By Elizabeth Thompson

Most of society shuns registered sex offenders, but Drew Doll has a different solution — befriending people convicted of high-risk sex crimes.

“By forming friendships … we get to know people really well,” said Doll, who is the reentry and reconciliation coordinator at the Religious Coalition for a Nonviolent Durham

“We hold them close.”

The Religious Coalition for a Nonviolent Durham is one of several groups in North Carolina exploring ways to reduce sex crimes independent of the sex offender registry, through methods ranging from restorative justice practices to cognitive behavioral therapy.

Doll’s approach stands in contrast to the way that society has responded to people who’ve committed sex crimes for the past three decades. The impulse has been to isolate and shun the people who convicted those crimes, pushing them to the edges of society.

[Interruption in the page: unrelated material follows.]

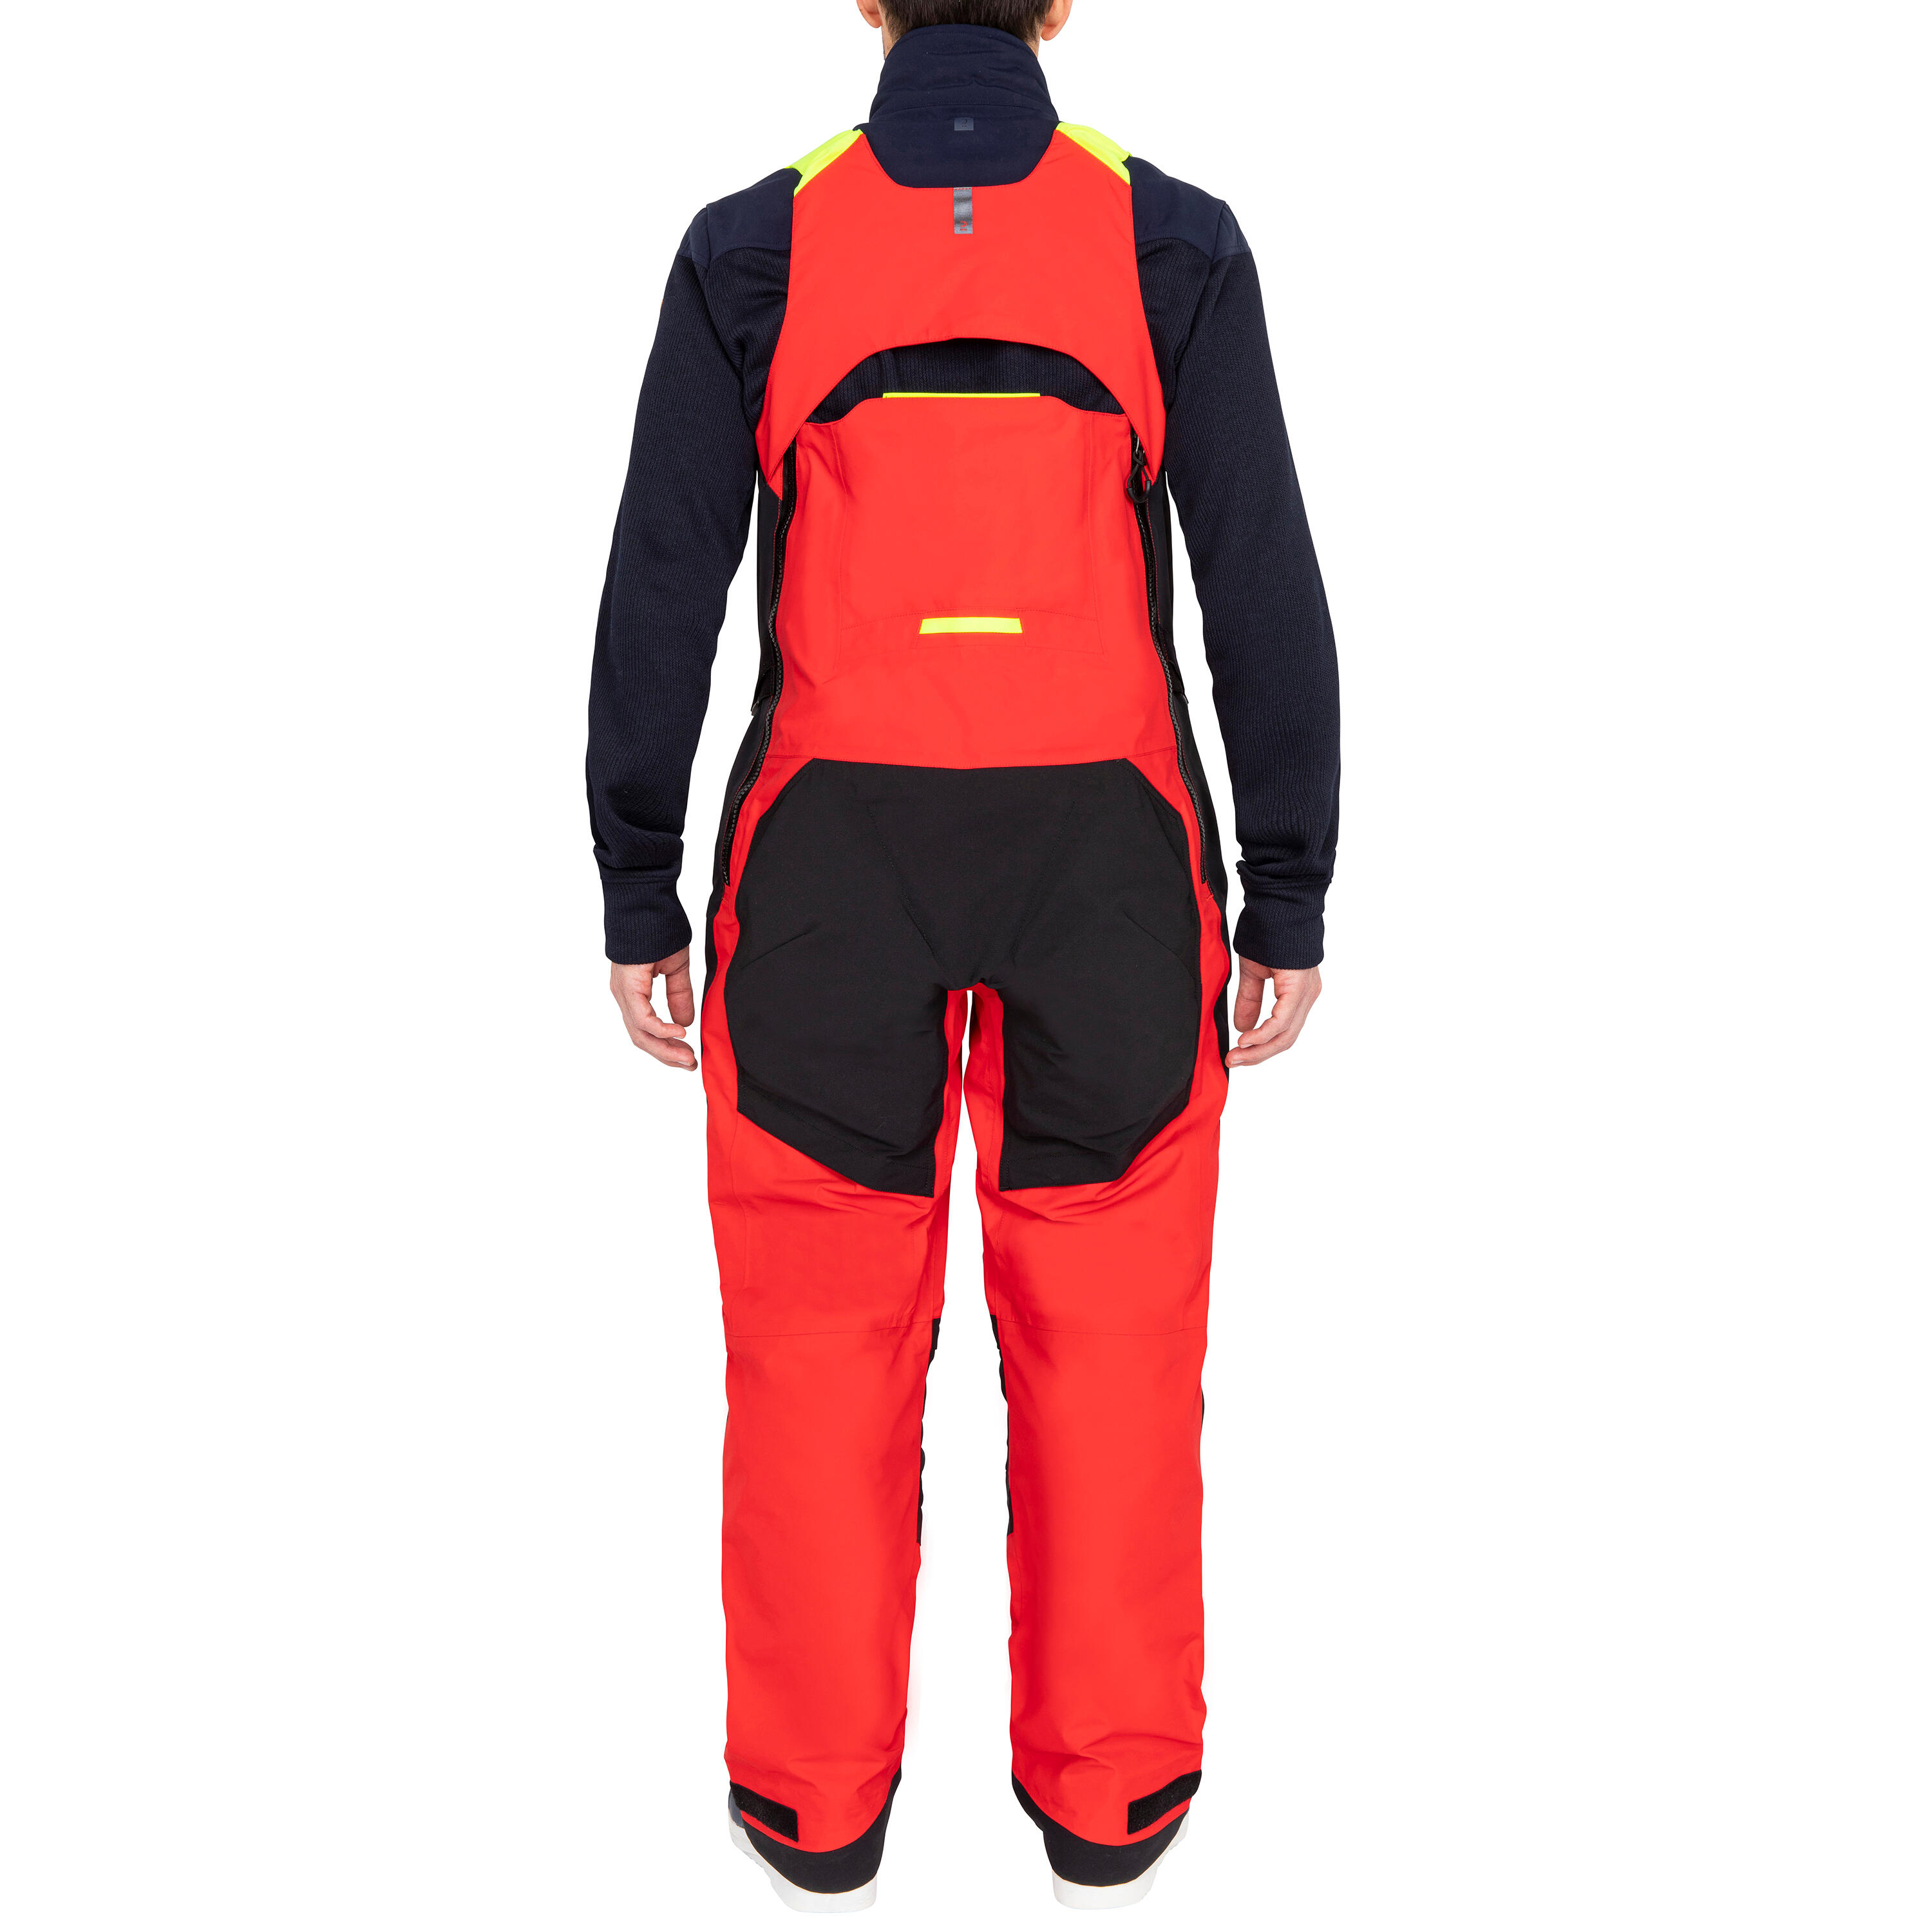 Adult Sailing overalls - Offshore 900 OPEN dropseat red 5/16

They must register on the sex offender registry as part of an effort to prevent them from committing similar crimes again. However, multiple studies have deemed the registry has limited effectiveness, at best.

Accountability through friendship

Friends keep each other accountable, Doll said, and they aren’t afraid to ask hard questions, such as what they think about when they masturbate.

Doll’s model follows the restorative justice principles spearheaded by Canada’s Circles of Support and Accountability (COSA), a program which has been found to remarkably reduce recidivism. COSA participants committed 70 to 83 percent fewer offenses than people who did not participate in the program, according to studies from 2007 and 2009.

In the COSA circles that Doll runs, members from the community keep people convicted of sex crimes accountable while also providing them support.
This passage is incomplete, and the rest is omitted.